Analysts describe the
stronger Japanese economy as being leaner and meaner
since the focus remains on corporate restructuring.
This means that the good old days of lifetime
employment and high salaries are gone, says Koichi
Ishiyama, a professor of international economics at Toin
Yokohama University.
"Some of the stronger signs
of economic recovery stem from harsh corporate
restructuring. This will continue as Japanese companies
strive to become more competitive," he explains.
Indeed, this is why some analysts remain
cautious and point out that despite the good signs
recently, recovery is still fragile.
Sluggish
consumer spending a problem Continued
sluggishness in consumer spending, which represents 60
percent of Japan's GDP - is a factor that is being
closely watched as a sign of economic activity and
future prospects.
Economist Masahiro Yoshida of
the Japan External Trade Organization, while applauding
strong exports, says that deep-rooted problems remain.
Surveys on consumer spending, an indicator of
spending over the next six months, show no major
pick-up, even though a boom in digital products has
helped to push an increase by 0.8 percent last year.

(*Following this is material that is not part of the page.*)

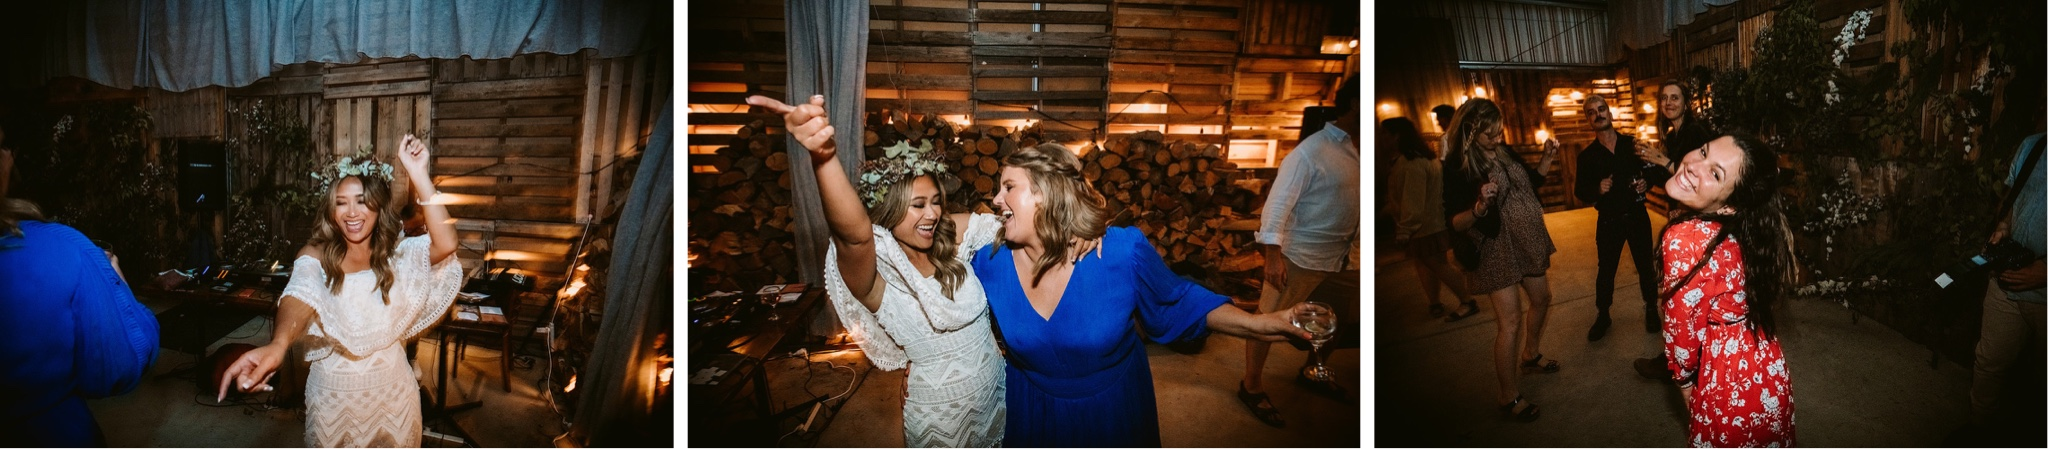 Wedstival Festival Wedding Photographer Yarra Valley160.jpg

Household income also remains weak given the
continuing corporate restructuring that has dampened
consumer confidence.
Japan's small- and
medium-sized companies also have not benefited from the
current export boom.
The Bank of Japan also
views the high yen - the rate is now 106 to a US dollar
- as a threat to the gains made from the rising exports
market. The yen has strengthened by more than 10 percent
from last year.
"All in all, the Japanese
recovery is still like walking a tightrope," says
Yoshida.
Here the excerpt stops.